When you transcribe the listing that follows, keep every line exact and skip any picture.

__PROVIDED MATERIAL__:
++++
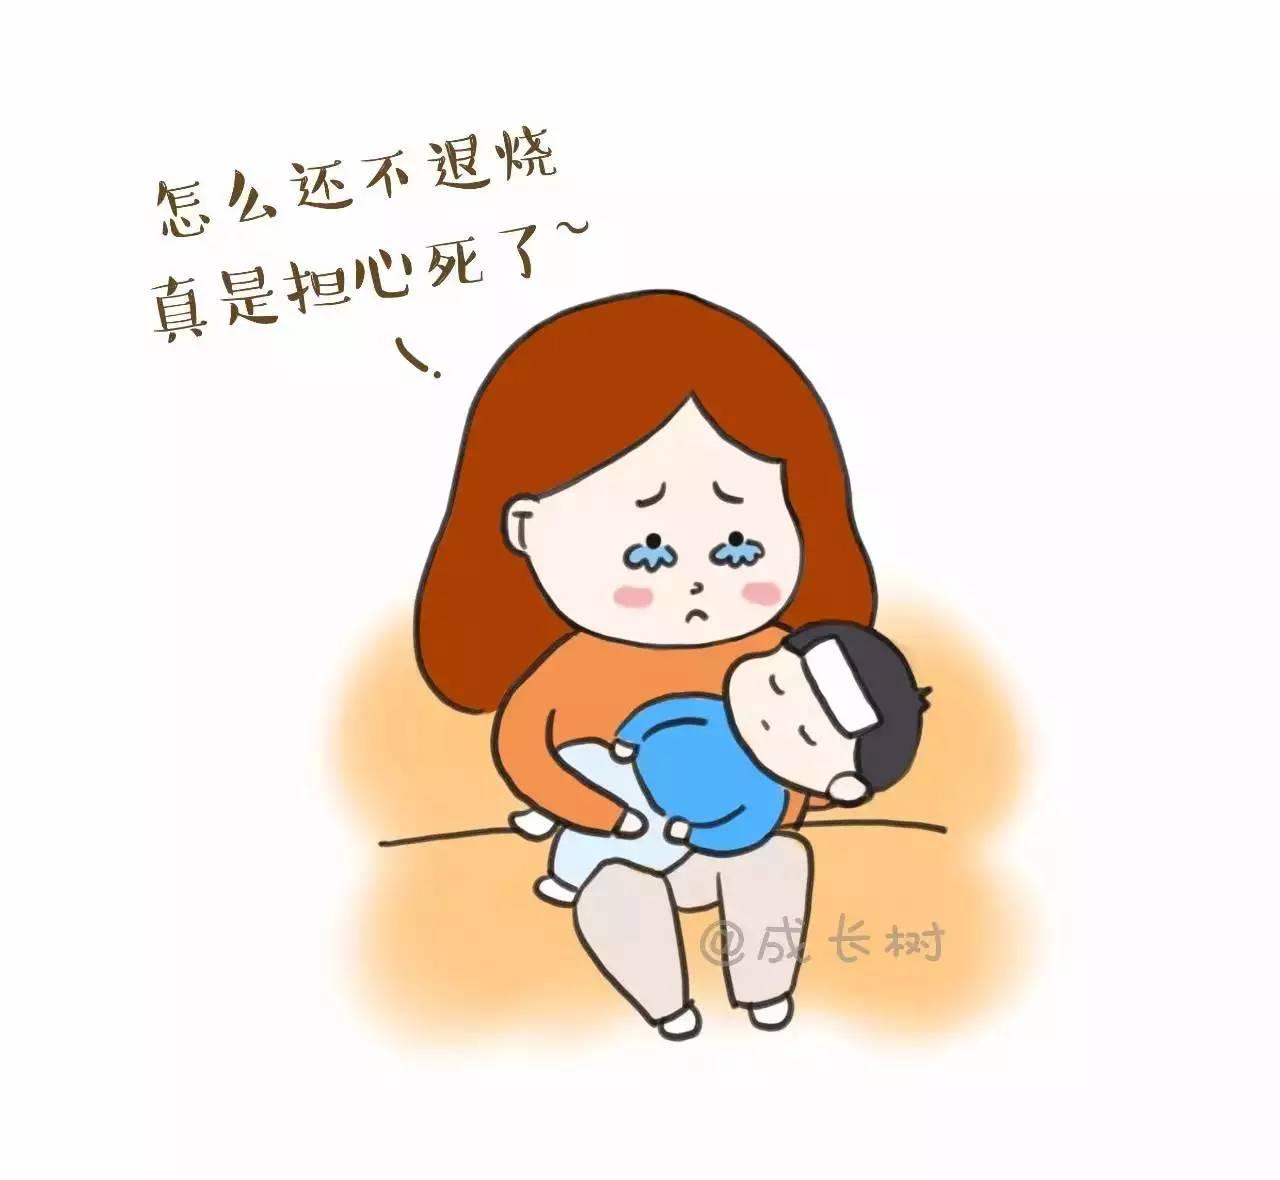 动漫 卡通 漫画 头像 1280_1180
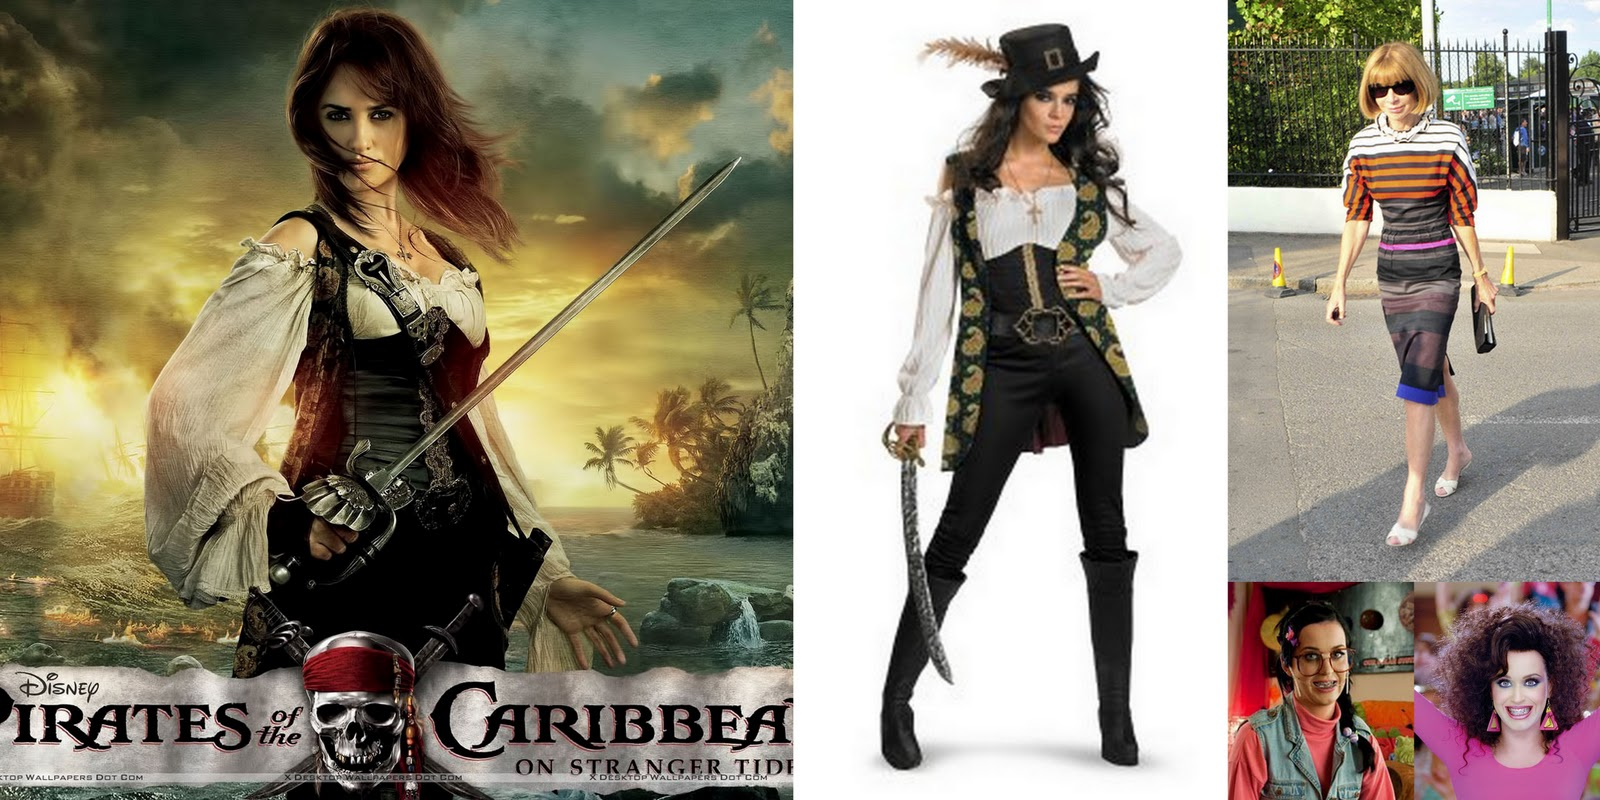 http://3.bp.blogspot.com/-tzO8j0zeGQ8/Tq3Uqvi3DdI/AAAAAAAABt8/BiAz3RbqkXY/s1600/pirates+.jpg
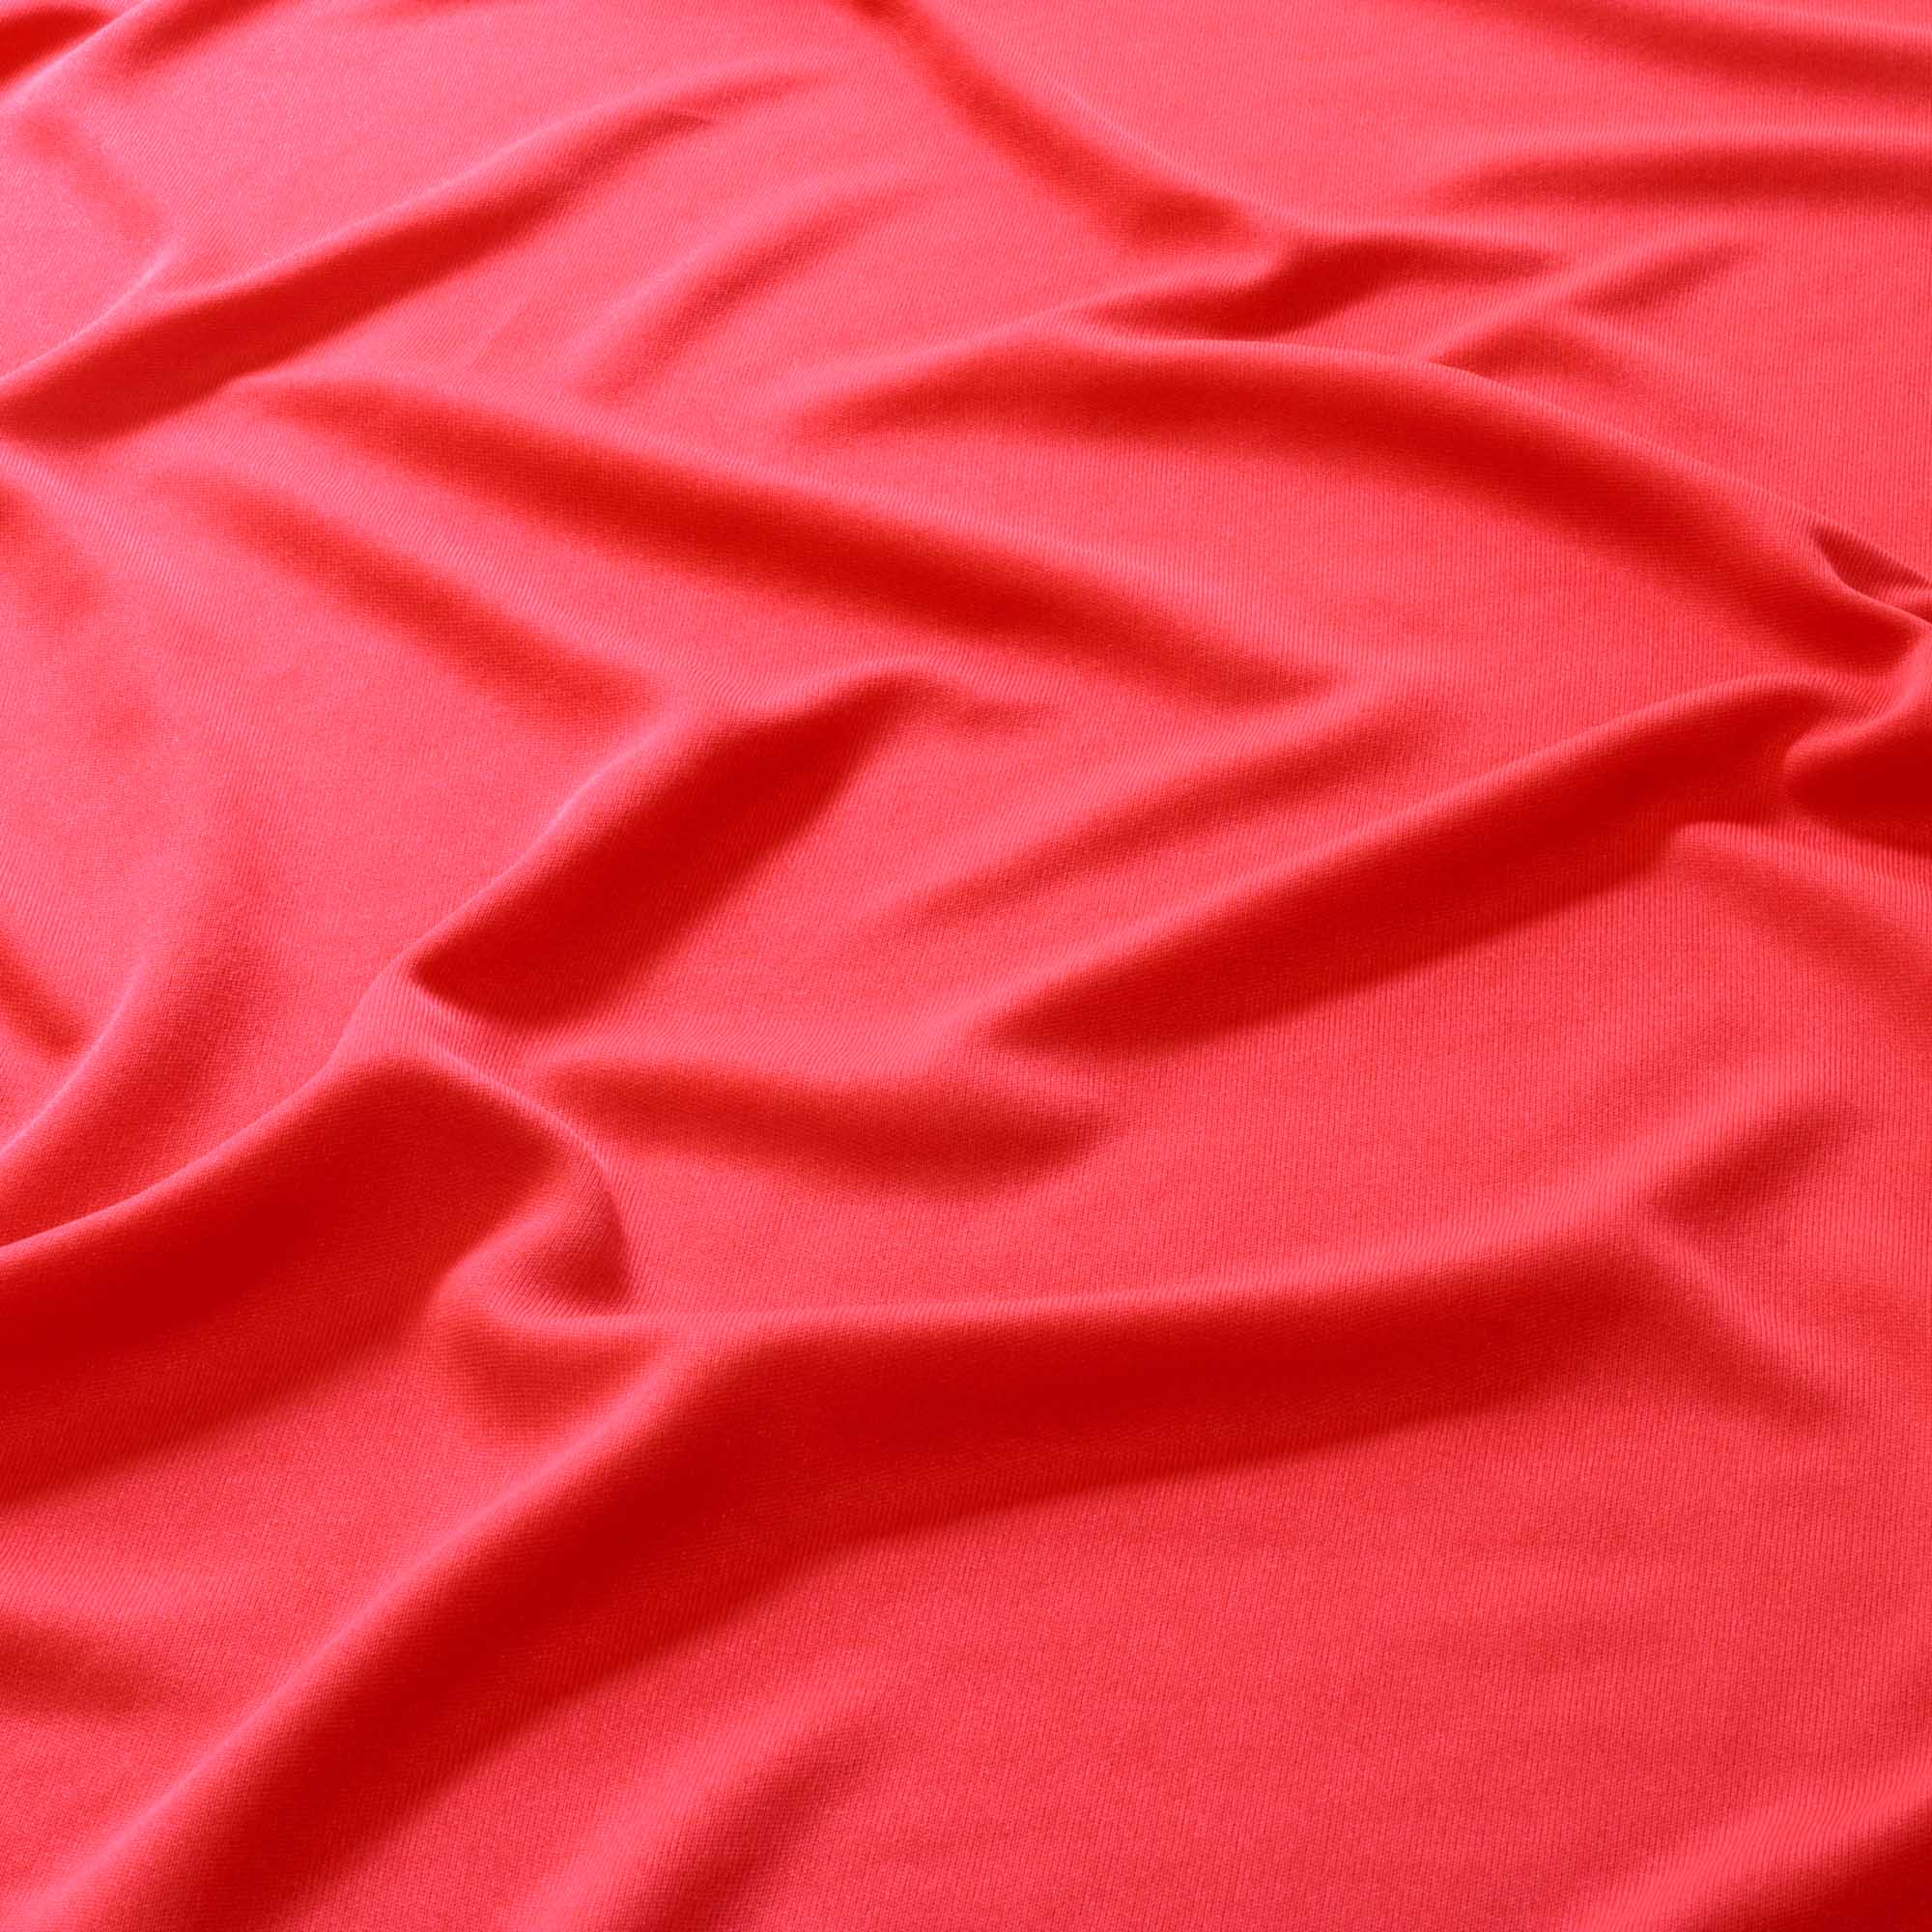 Tecido Malha Helanca Light Vermelho Cereja 100% Poliester 1,80 m Largura
++++
__SOLUTION TO THIS TASK__:
 动漫 卡通 漫画 头像 1280_1180
 http://3.bp.blogspot.com/-tzO8j0zeGQ8/Tq3Uqvi3DdI/AAAAAAAABt8/BiAz3RbqkXY/s1600/pirates+.jpg
 Tecido Malha Helanca Light Vermelho Cereja 100% Poliester 1,80 m Largura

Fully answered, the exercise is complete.